It is not limited to query only one database, as it can hold
simultaneously
as many databases as one may wish. It is not required that those
databases
are to be installed on the same server. The interface can address remote
databases as long as their Web addresses or connection parameters
are known and
accessible. This
means
that you can still use this tool to host an interface that queries
several remote databases, even without building your
own.
To use the tool for this purpose, you will only
need to generate a server configuration file, as described later, and
to
launch the tool with the appropriate server installation option.
Installation
1.1
BEFORE USING THE TOOL, YOU SHOULD:
* many of the following tasks are usually
to be performed by the system administrator
- Install Perl version 5.6
or
higher (Perl/ActivePerl 5.8 recommended), make
sure you also include the perl DBI
module and the PostgreSQL driver DBD::Pg
(check for DBD::Pg that it has been compiled with the POSTGRES_LIB
variable pointing to the correct version of your postgreSQL libraries)
- If you use Perl 5.005: you will have to check for the ' libwww-perl
' perl library in order to retrieve external information related to
your
data via the WEB. In case the library is not present, you can find a
recent
version included within the package, you can also check the CPAN server
(http://www.cpan.org) for the most
recent
version and how to install it.
- Some very few versions of
the DBI module were not working properly with the query interface. If
you encounter any problem at this level, upgrade to a recent version of
DBI (e.g. 1.48 or higher)
- A recent include to the package is the
Phenyx module
InSilicoSpectro,
which is used to read mass spectrometry files from a range of various
formats. A special version has been specifically arranged to work with
this package with a minimum set of installation requirements. In some
cases, you will probably need to install the
Compress-Zlib
module from CPAN if you want to read and include data from your
MS files.

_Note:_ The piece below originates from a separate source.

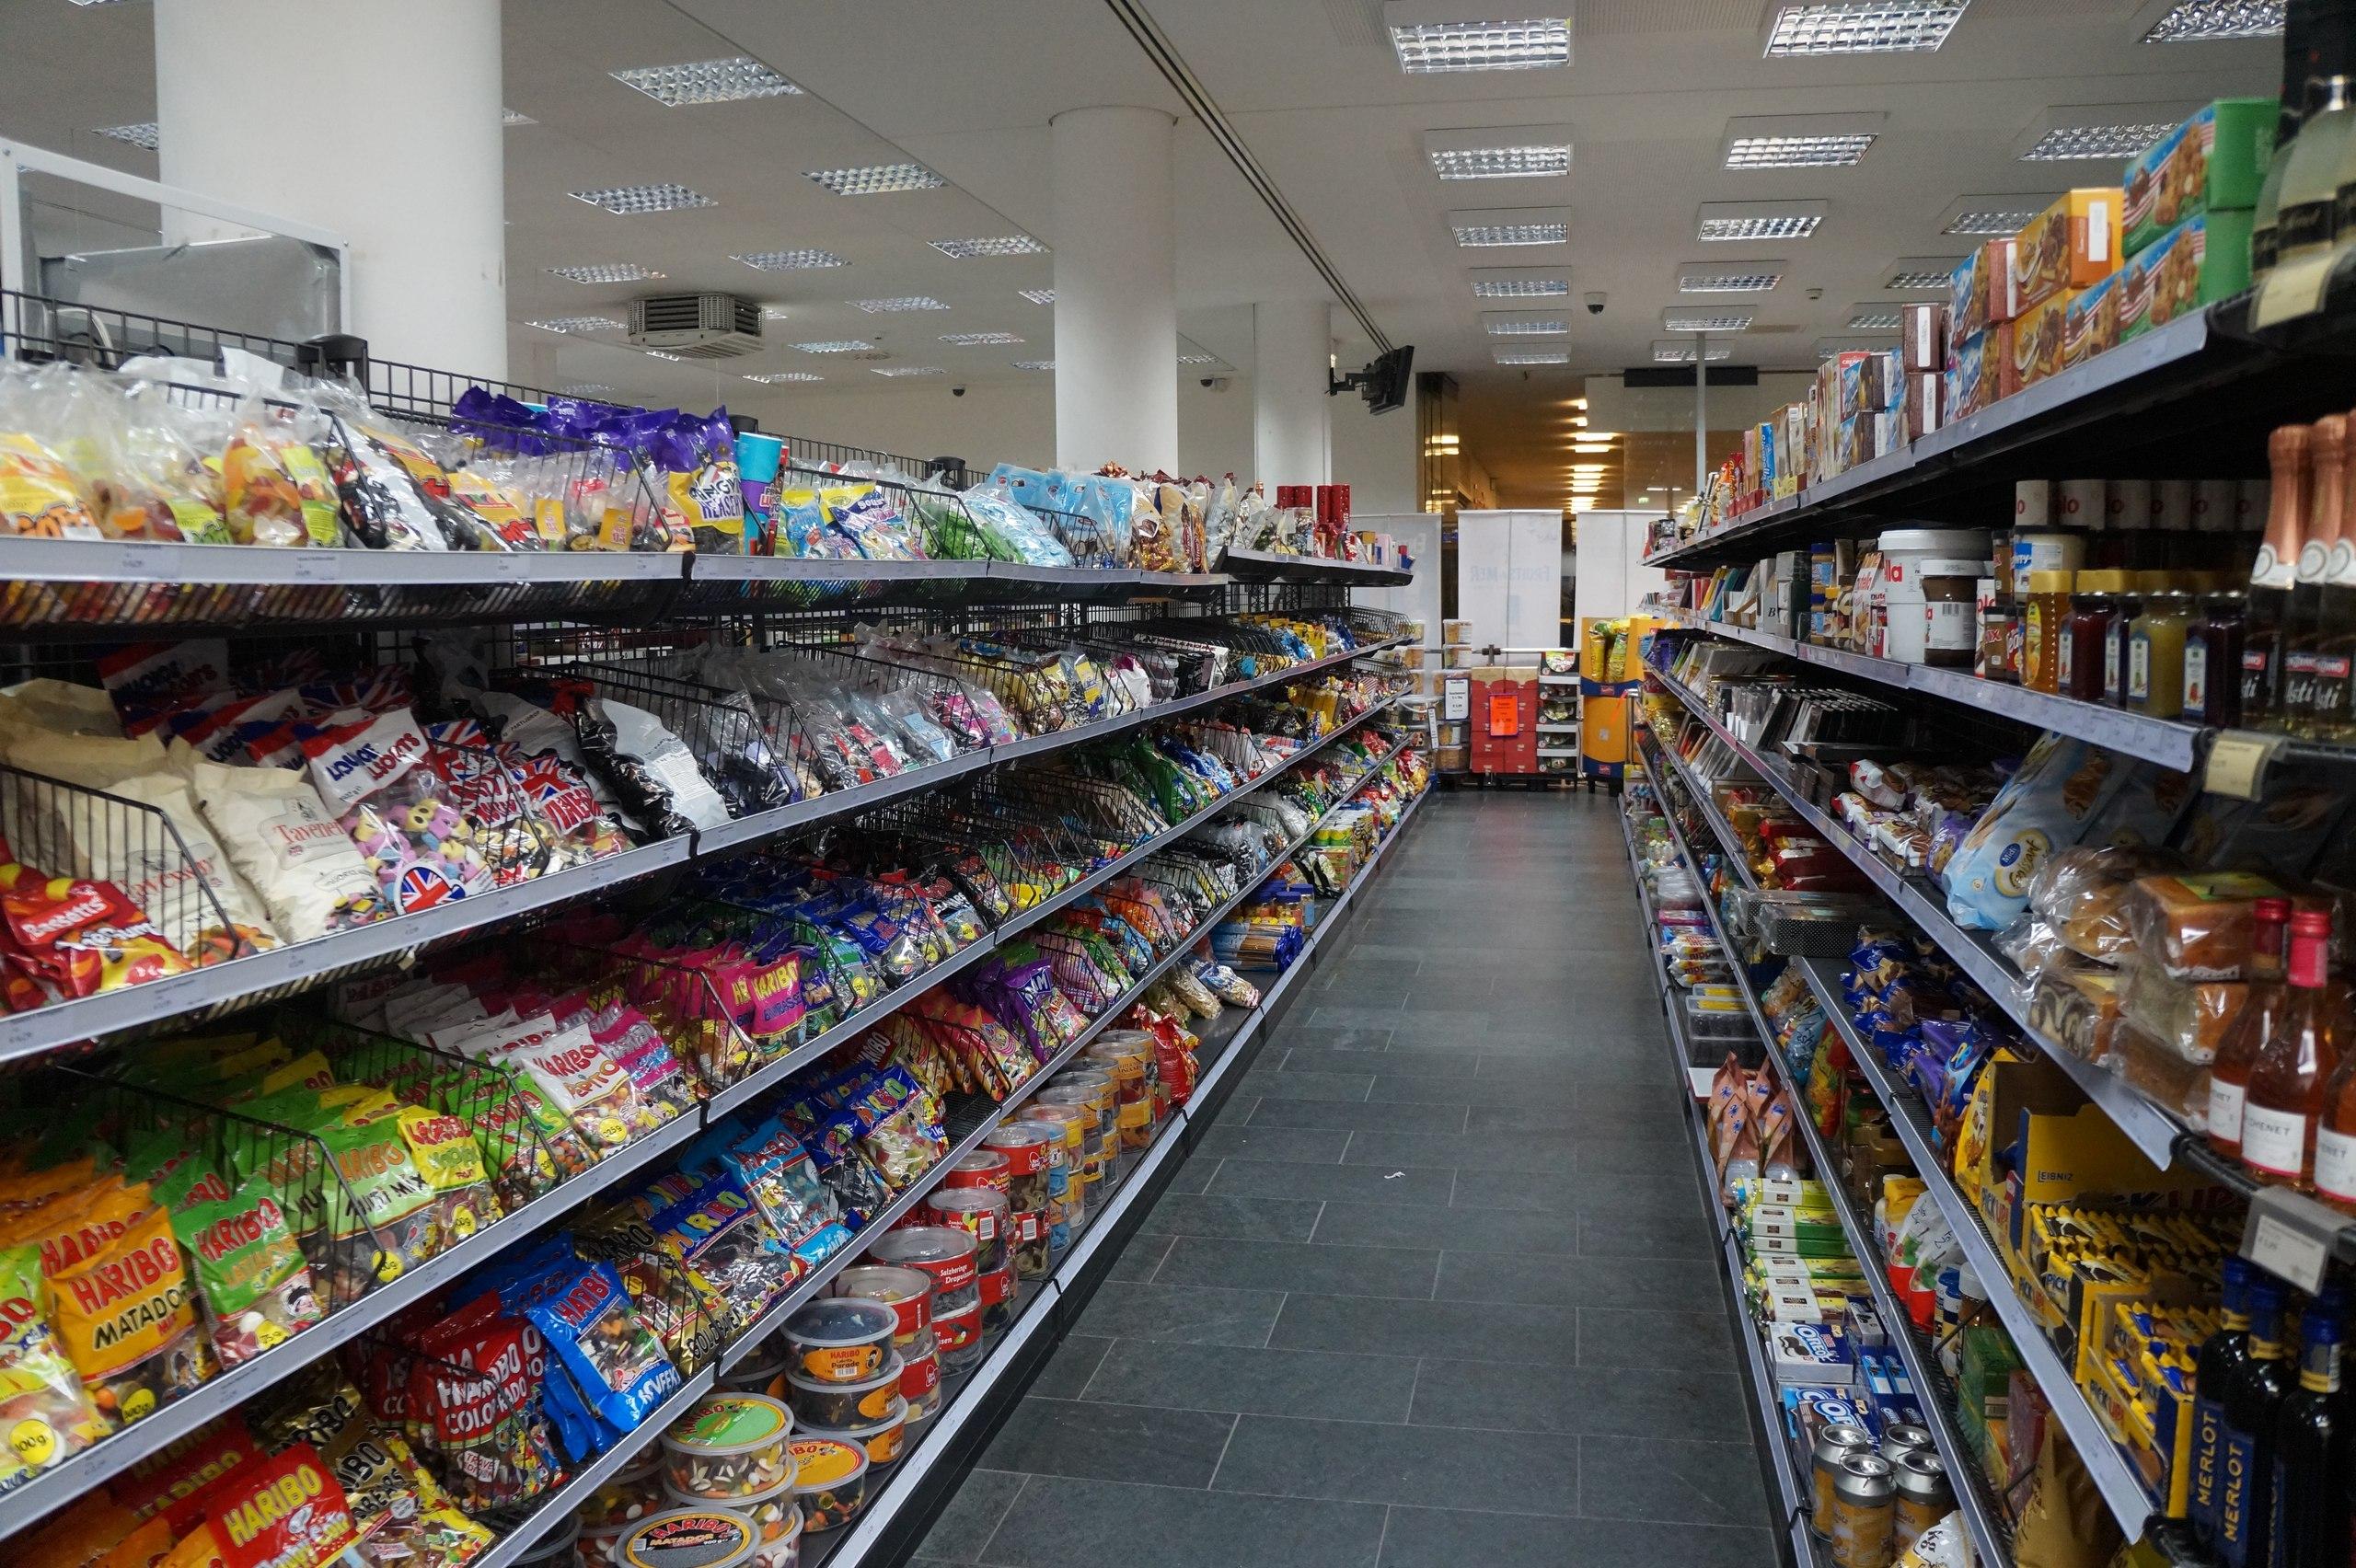 В Германии продают просрочку закон, супермаркете, когда, гдето, срока, скидкой, истечения, Германии, несколько, упаковок, достаточно, сладостей, дорогих, собираюсь, взять, решил, глянуть, сколько, чипсы, Вокруг
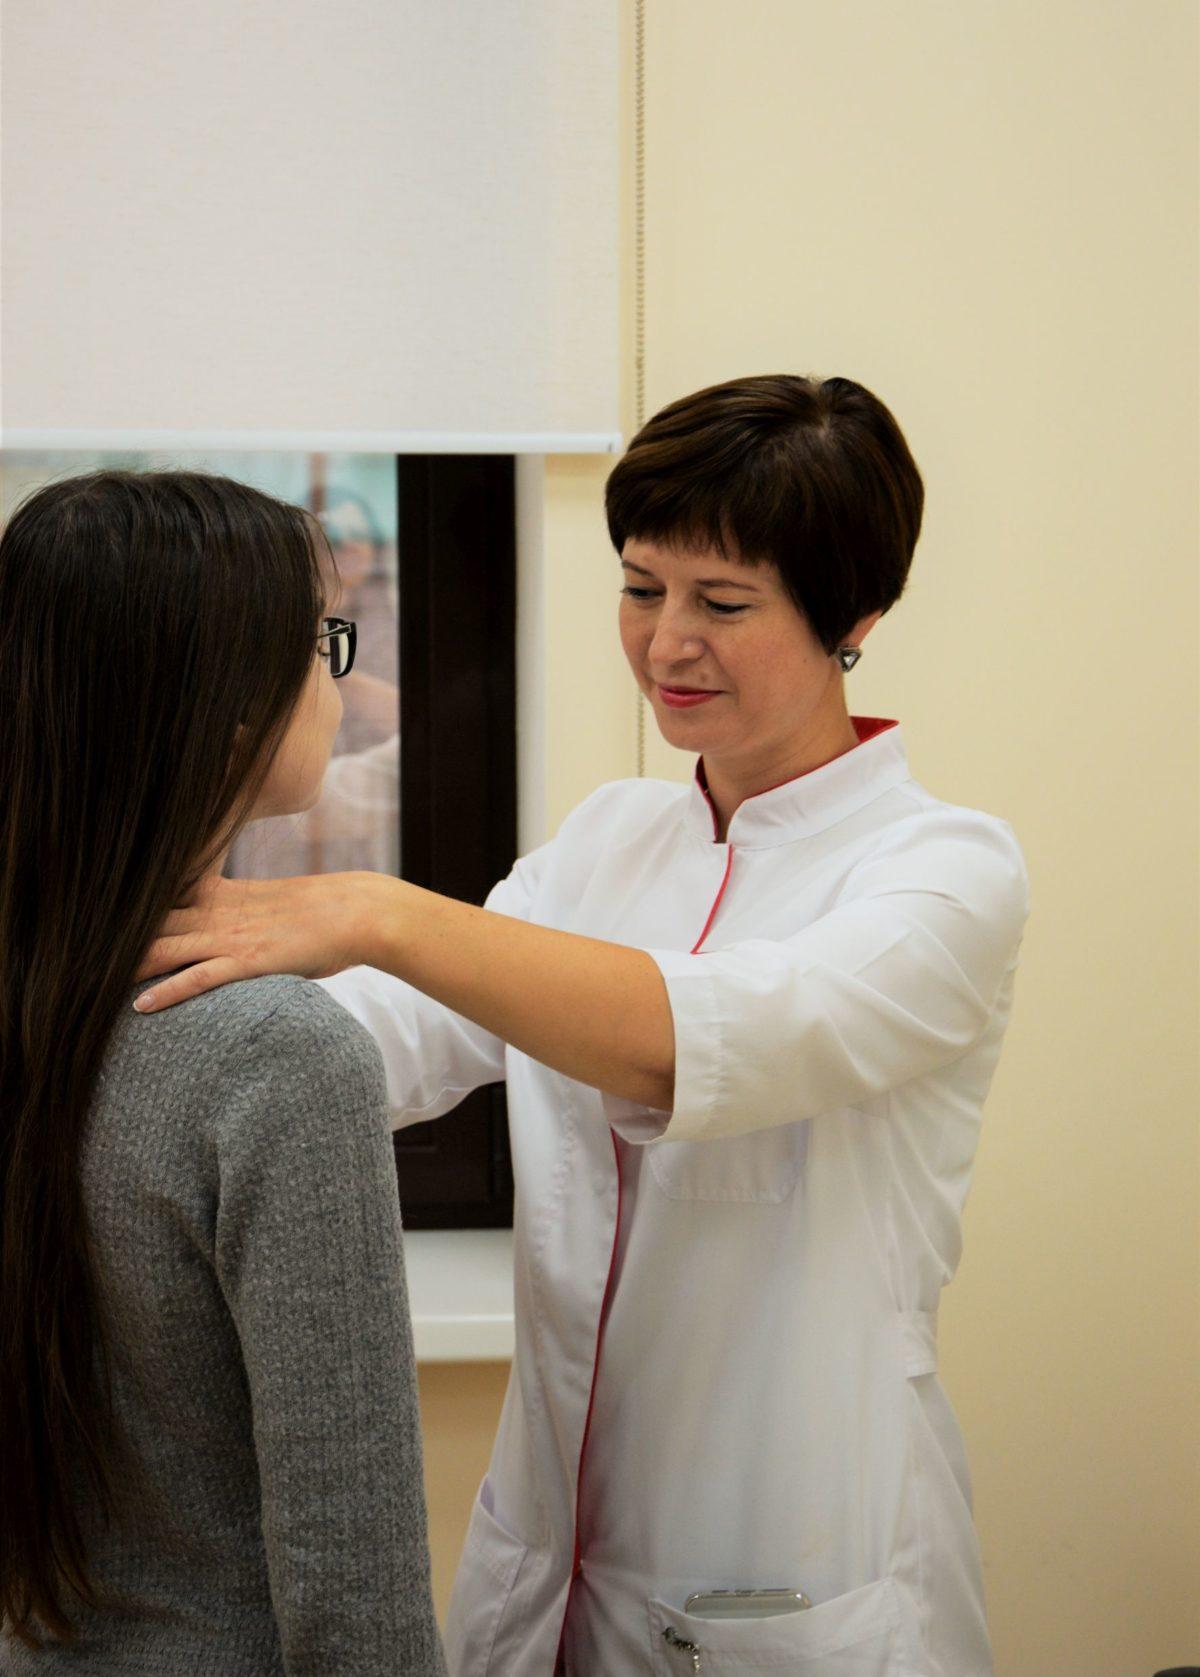 В «Олимпе Здоровья» открыт прием врача-эндокринолога Елены Киселевой

A recent copy of this module is to be found within this
package distribution (
libs/Compress-Zlib.tar.gz
).
- Install and configure a HTTP server (Apache
is highly recommended, and required if you plan to use the mod_rewrite
redirection rules)
- Install and run PostgreSQL
PostgreSQL is an open source object-relational database
management
system that can be found at: http://www.postgresql.org
- download and install postgreSQL version 7.4 or higher
(version 8.0 has been fully tested, and only recently version
8.1) for your
system.
- To use postgreSQL, the holder of the postgres server daemon
(who is typically the database superuser,
generally called 'postgres' or 'pgsql') - see with your system
admininstrator - should
have launched and checked the following commands (or similar ones,
assuming
the bin files are in the /usr/local/pgsql/bin directory
and
the lib files in the /usr/local/pgsql/lib):
- Verify that the pgsql binaries are added to your PATH
variable (e.g.
by setting: PATH=$PATH:/usr/local/pgsql/bin)
- Export the environment variable "PGDATA" pointing to the
directory
where the database is to be located, as well as the environment
variable
"PGLIB" pointing to where the postgreSQL libraries are to be found.
e.g. (depending on your system)
$ export
PGDATA=/a_path_to_store_your_data/postgresql (this path will be
referred to as the [new_database_path])
$ export PGLIB=/usr/local/pgsql/lib
- Initialize the database cluster (only once)
/usr/local/pgsql/bin/initdb -D
[new_database_path] (-D
"new_database_path" can be omitted if "PGDATA" is sweetly defined)
As you will need to allow non-local connections, you will
probably have to add more
"host" records in the generated configuration file pg_hba.conf
created in the
directory [new_database_path].
You should at least allow the "localhost" connections by making sure
the line:
"host all all 127.0.0.1 255.255.255.255 trust"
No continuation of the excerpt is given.